**AVAILABLE DATA**.
··········

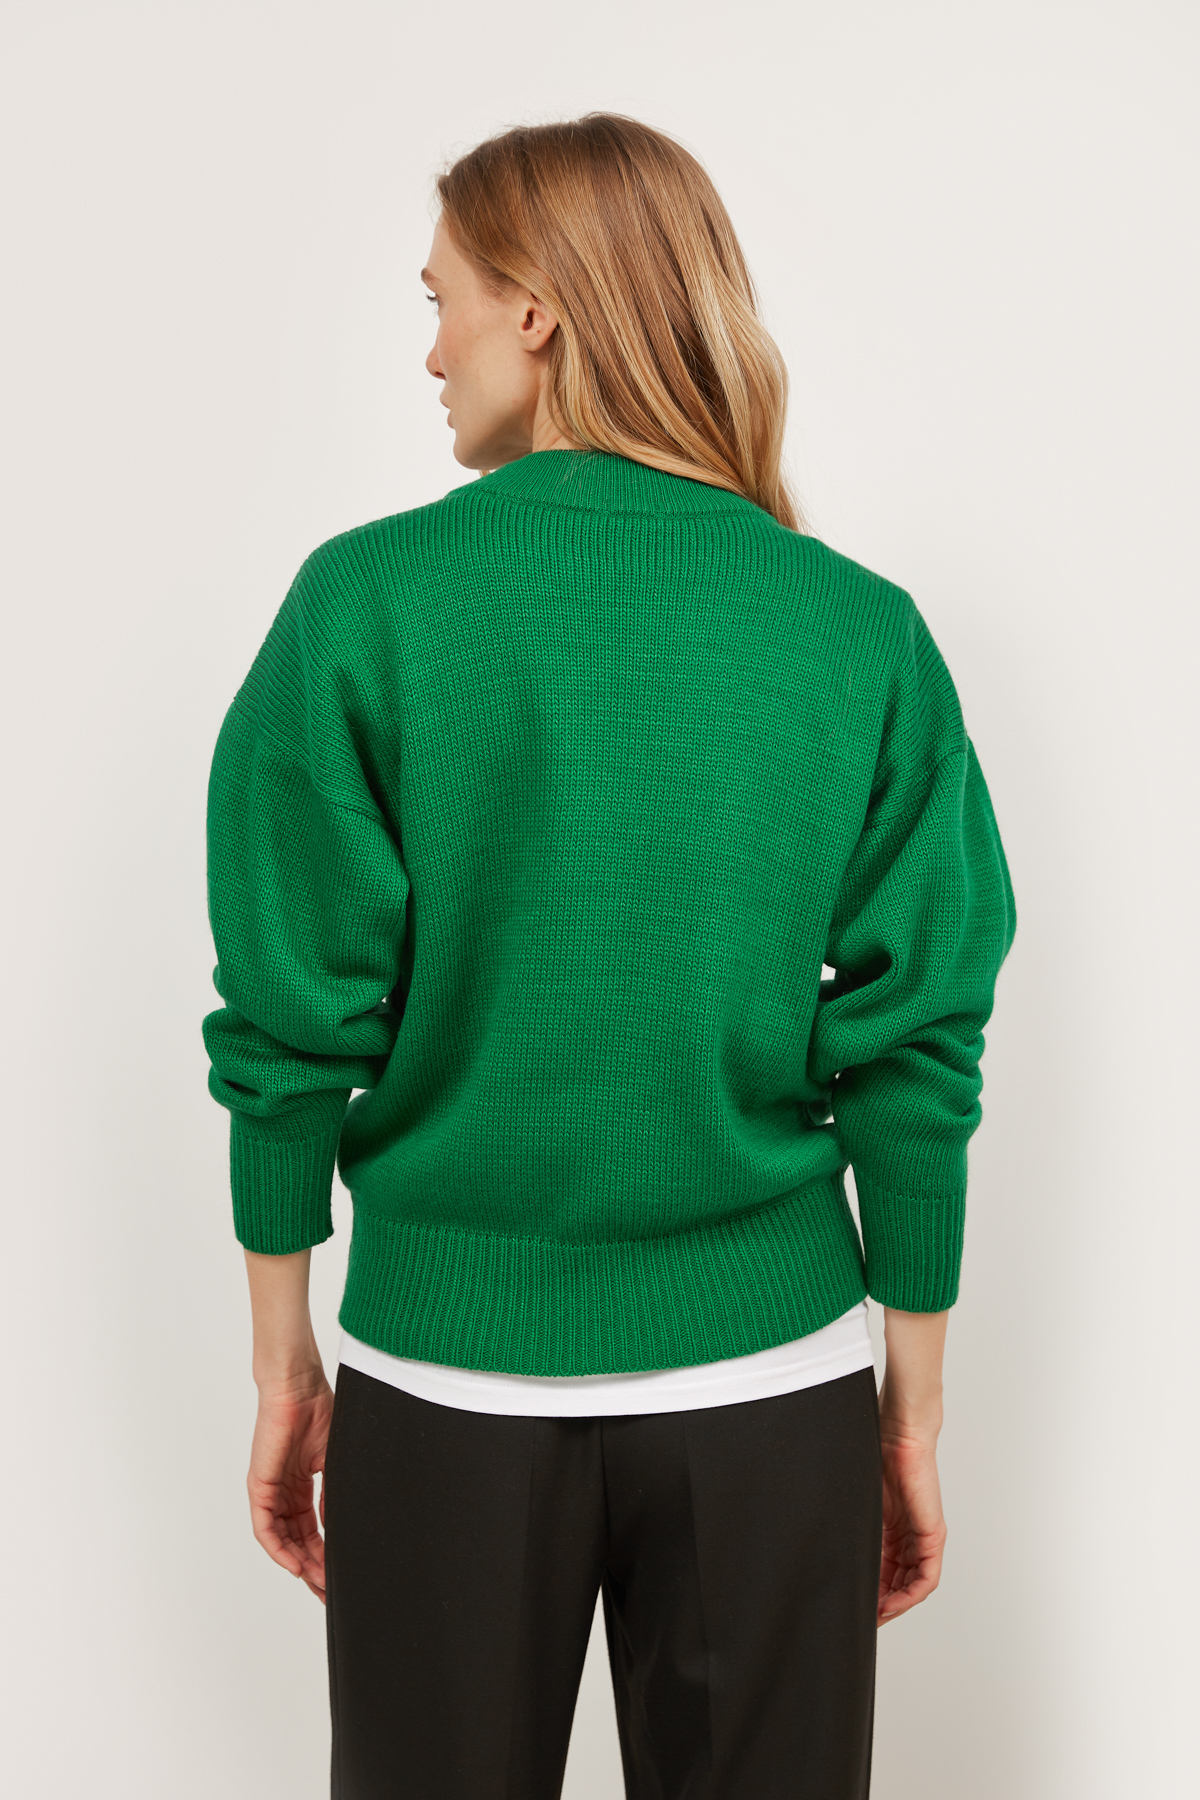 Bright green knitted sweater, photo 4
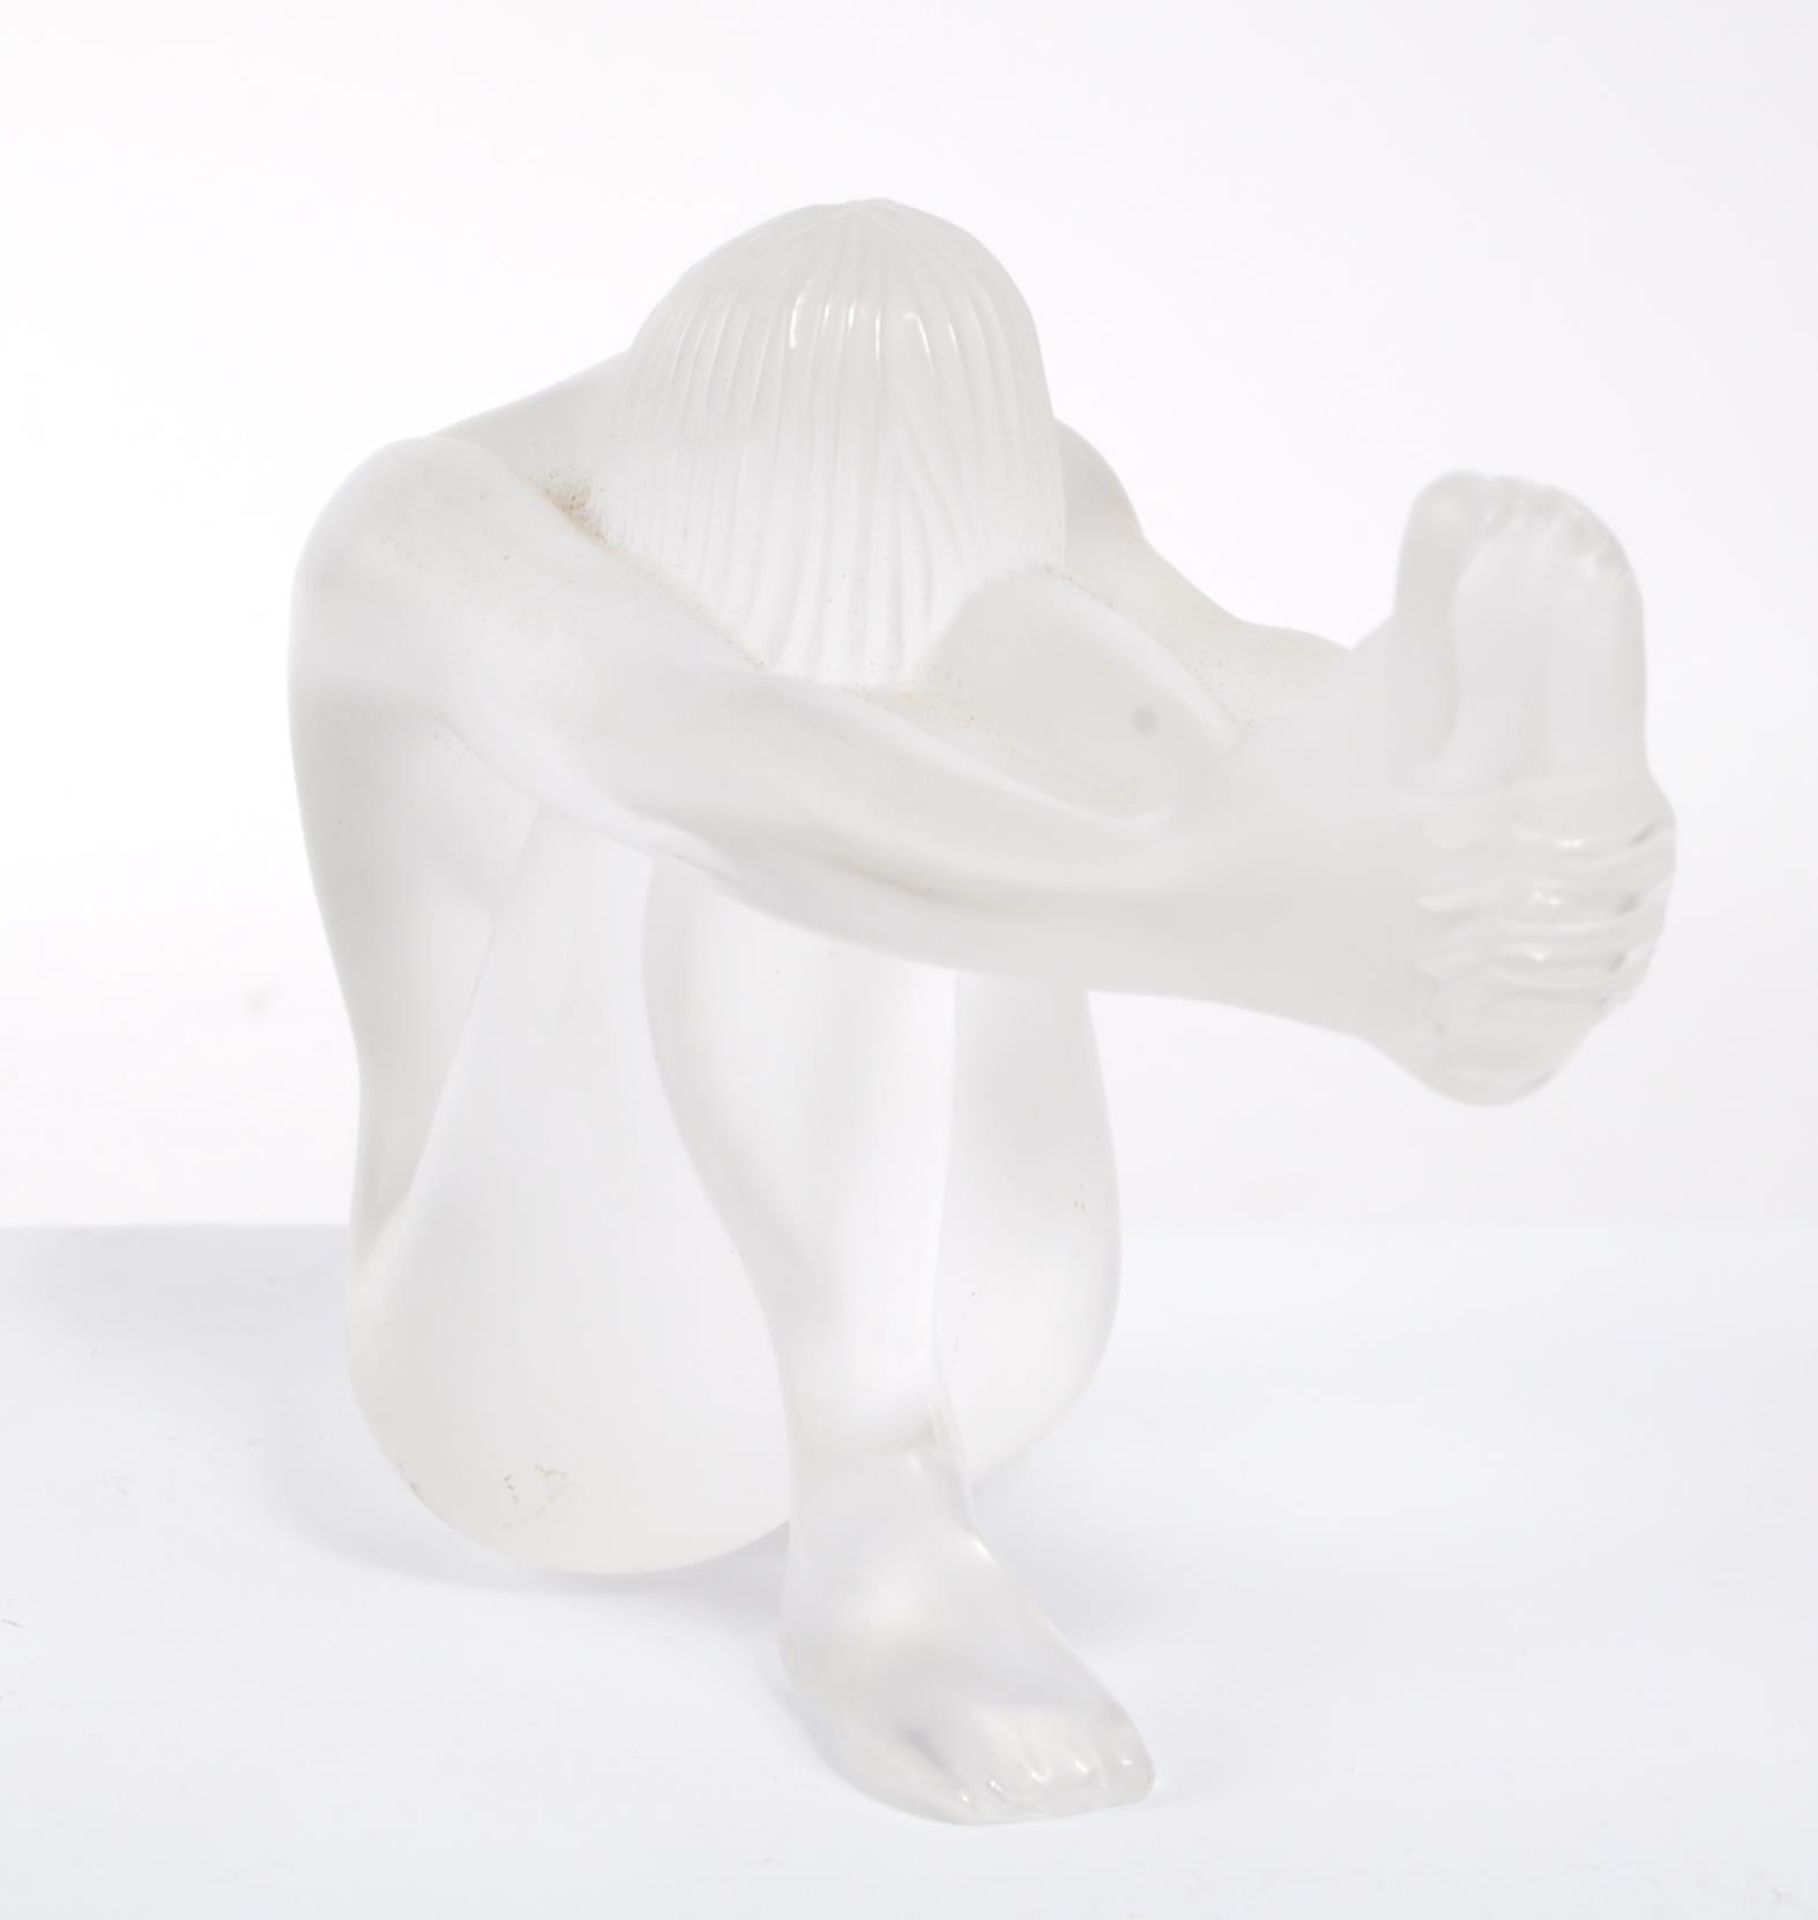 LALIQUE - STUDIO FROSTED ART GLASS OF NUDE FEMALE - Image 4 of 4
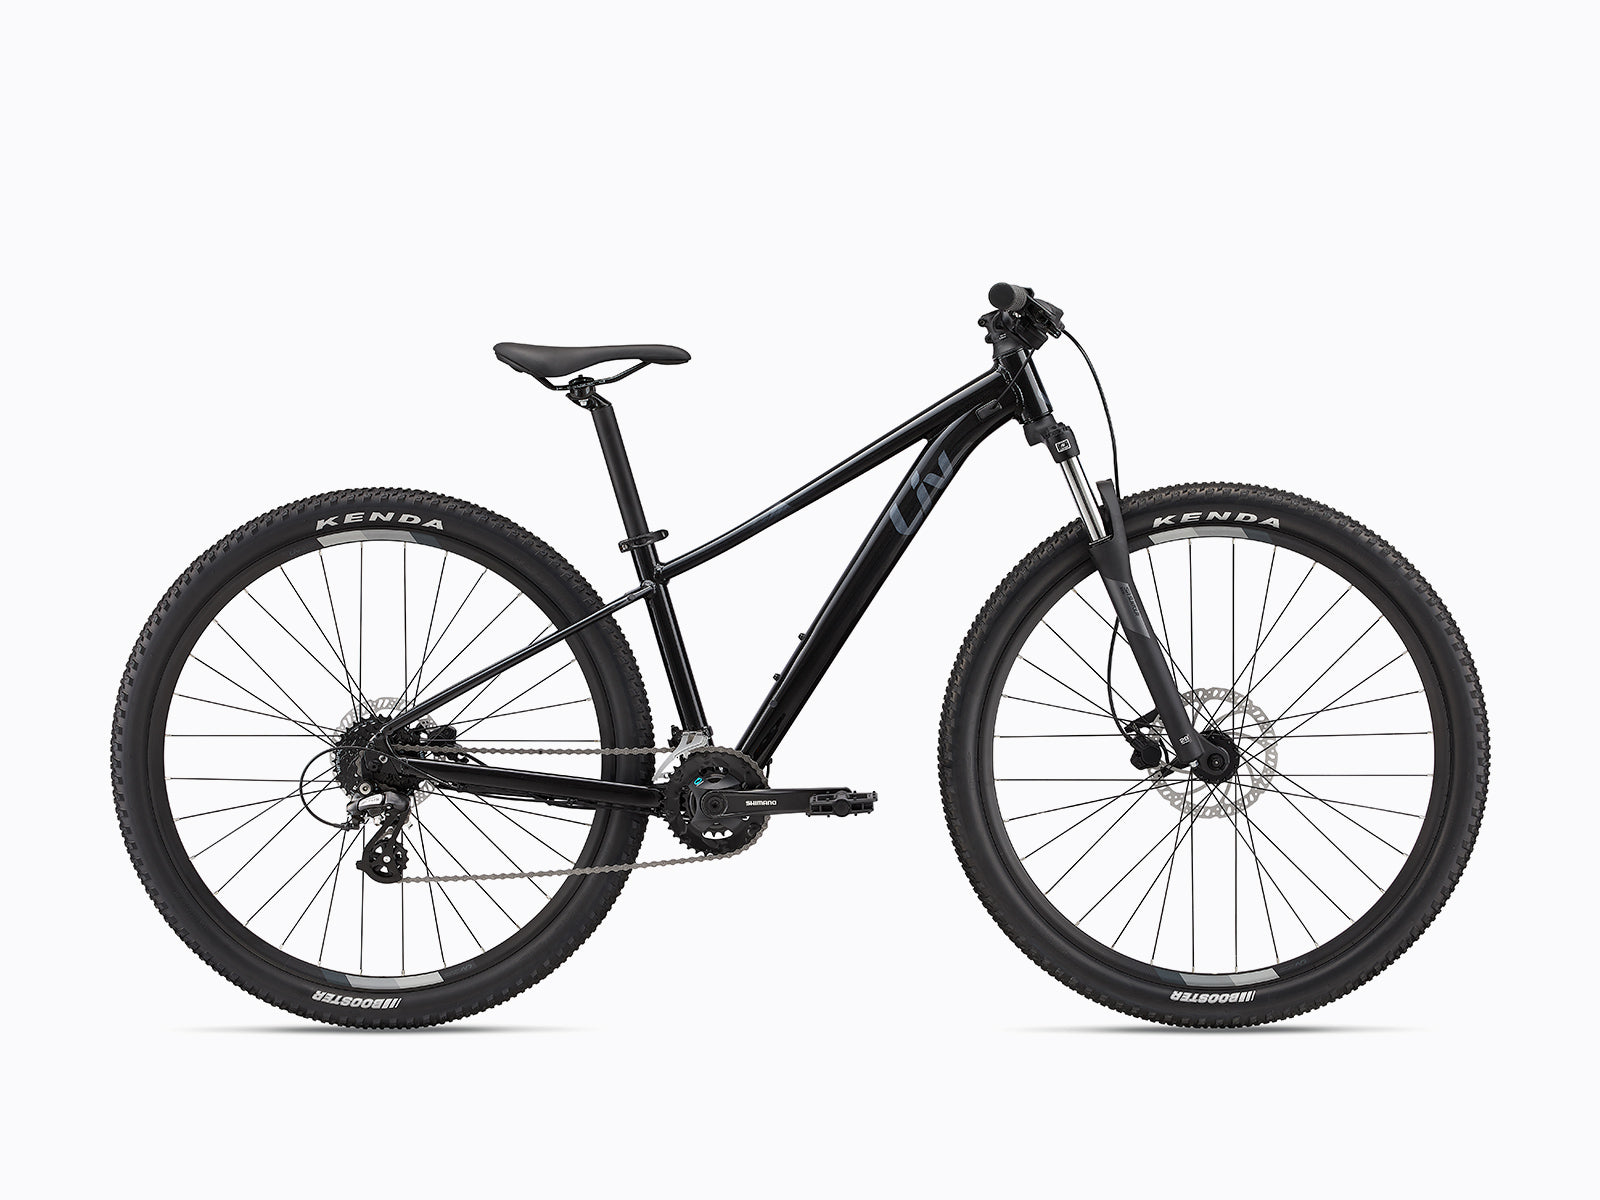 image features a Liv tempt 29; a women's mountain bike designed for girls to ride dirt trails

··········

**REQUIRED ACTION**.
Copy the material above in full and exactly, skipping pictures.

**PROBLEM SOLUTION**.
 Bright green knitted sweater, photo 4
 LALIQUE - STUDIO FROSTED ART GLASS OF NUDE FEMALE - Image 4 of 4
 image features a Liv tempt 29; a women's mountain bike designed for girls to ride dirt trails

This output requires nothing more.